Barbaricum (from the Greek: Βαρβαρικόν, "foreign", "barbarian") is a geographical name used by historical and archaeological experts to refer to the vast area of barbarian-occupied territory that lay, in Roman times, beyond the frontiers or limes of the Roman Empire in North, Central and South Eastern Europe, the "lands lying beyond Roman administrative control but nonetheless a part of the Roman world". During the Late Antiquity, it was the Latin name for those tribal territories not occupied by Rome that lay beyond the Rhine and the Danube (but not for Persia): Ammianus Marcellinus used it, as did Eutropius. The earliest recorded mention appears to date to the early 3rd century.
In research literature, the terms 'Germania', which actually means Germania Magna, and 'Barbaricum' are sometimes used interchangeably, but they are not entirely identical in the chronological or the geographical senses. The extra-Roman area described as Barbaricum was, from the beginning of the Migration Period, not exclusively inhabited by Germani, even though they represented the majority of the population until the time of Late Antiquity. In the Migration Period, Alans and Huns also pushed forward into this area before and, later (from the 6th century), Slavic tribes populated the area east of the Albis (River Elbe) that the Germani had largely abandoned.

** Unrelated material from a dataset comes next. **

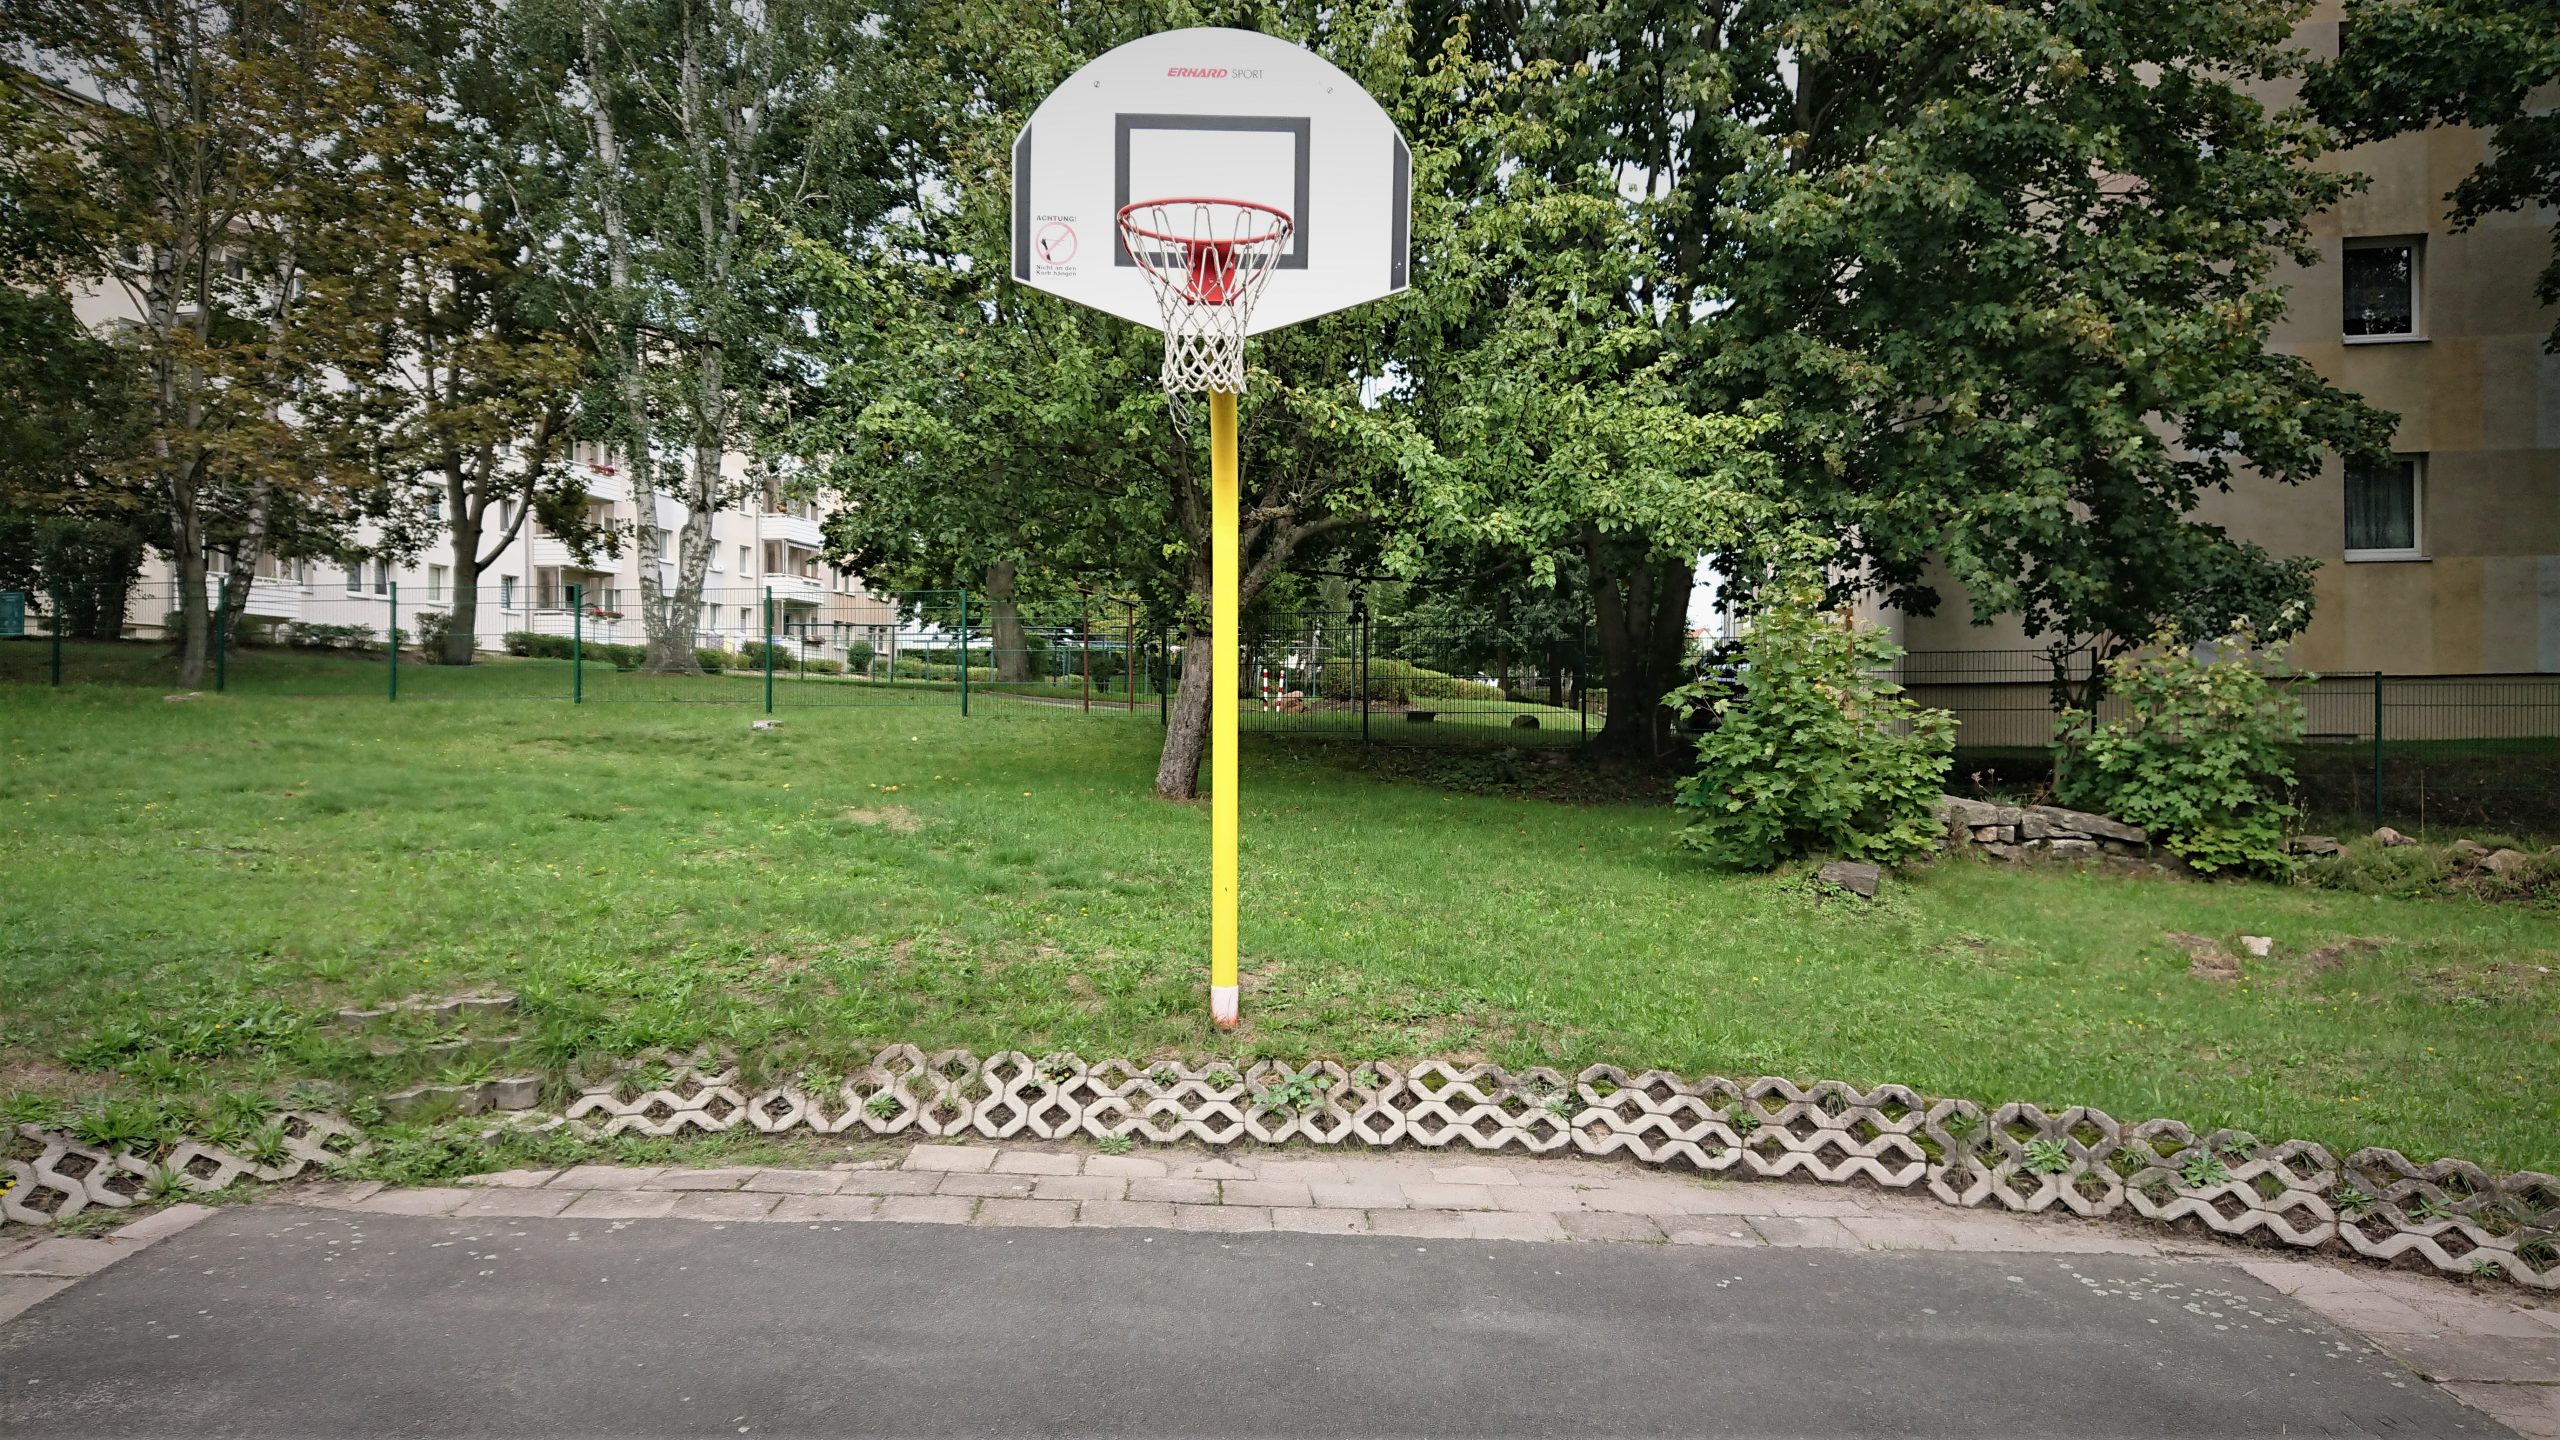 5 Basketball
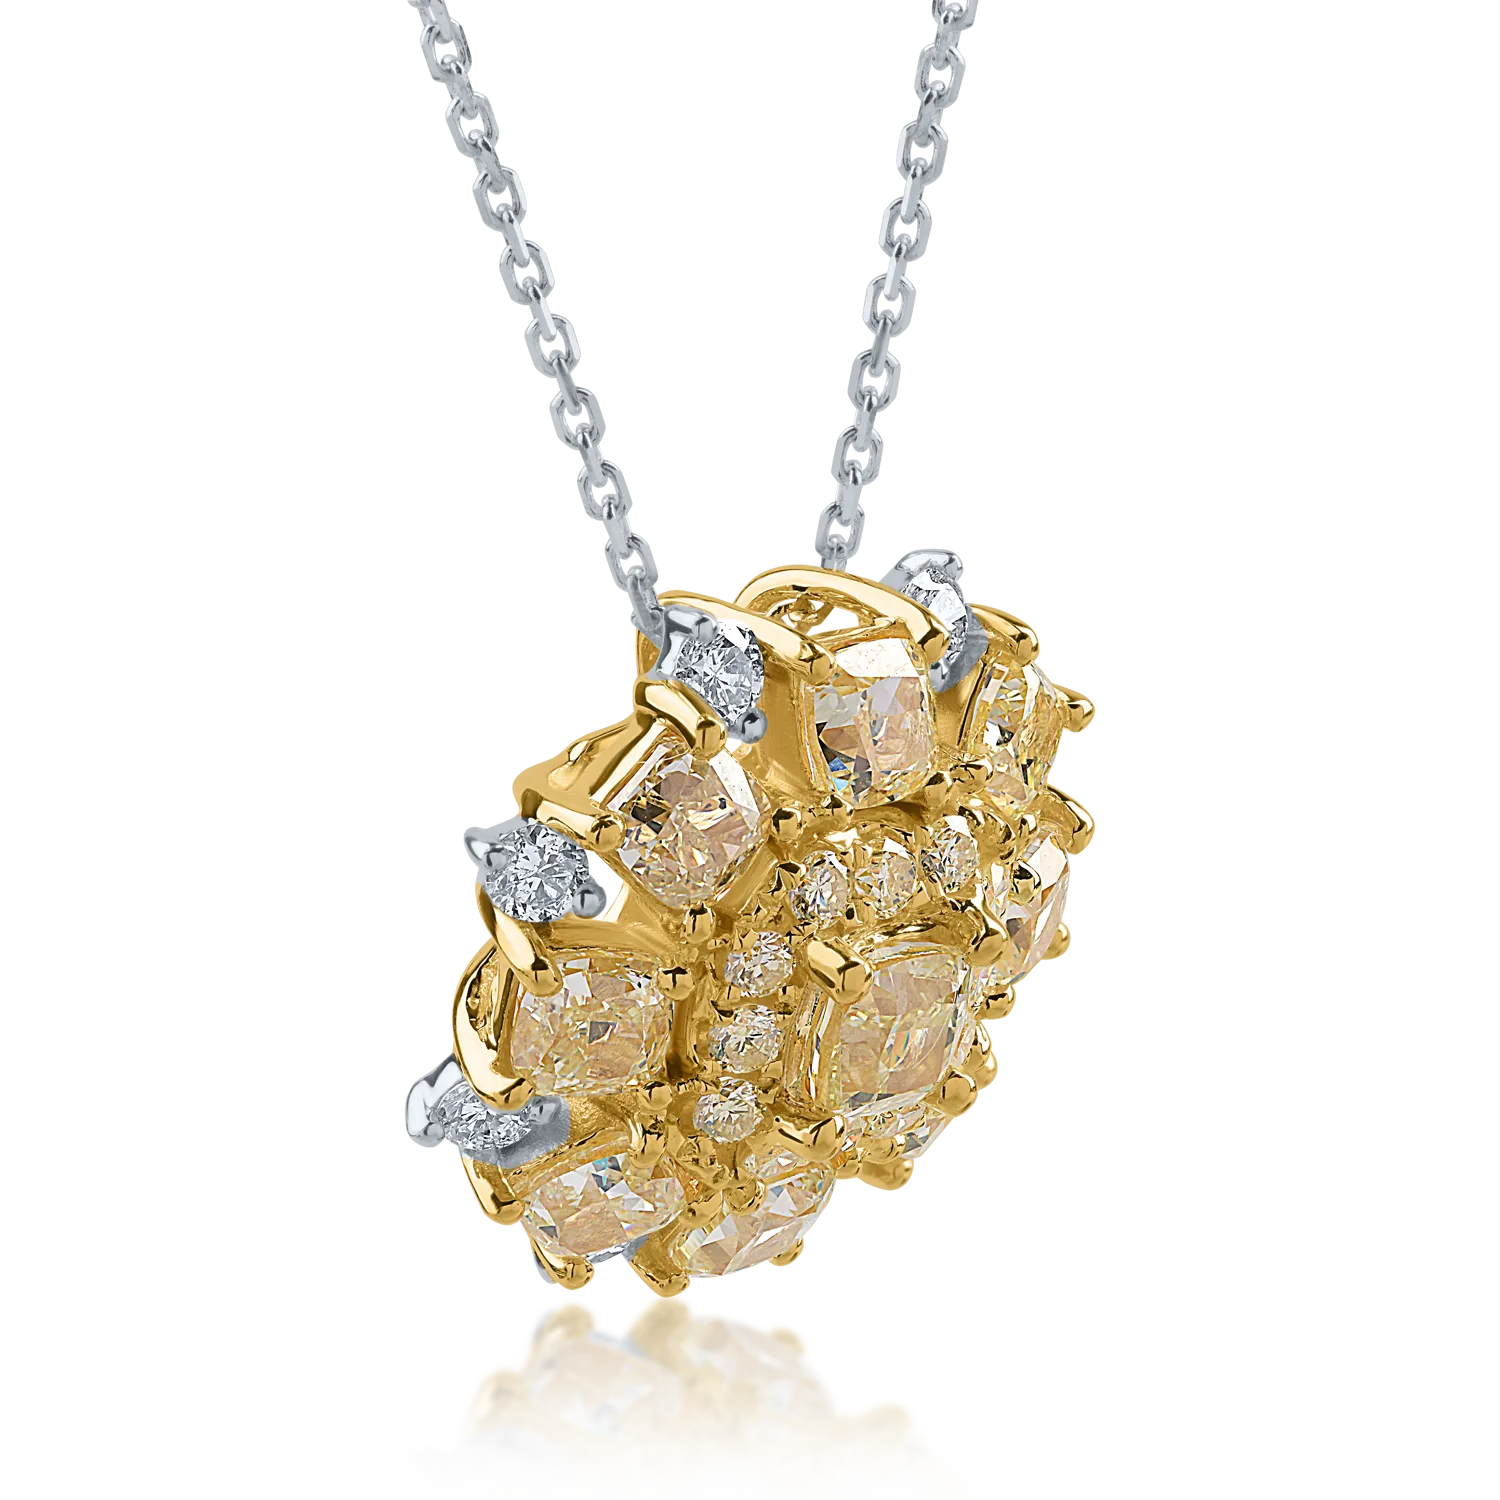 Sárga-fehér arany medál nyaklánc 2.7ct sárga gyémántokkal és 0.38ct tiszta gyémántokkal

It is important to highlight the diverse cultural, social and economic contacts between (Germanic) Barbaricum and the Empire since the early imperial period. Archaeologically, numerous imported Roman artefacts have been uncovered among the finds in the Barbaricum region. The formation of major Germanic tribal units such as the Alemanni and Franks, from the time of the imperial crisis of the 3rd century was probably influenced by contact with the Roman world. Likewise, "barbarians" were able to have careers in the Roman Army.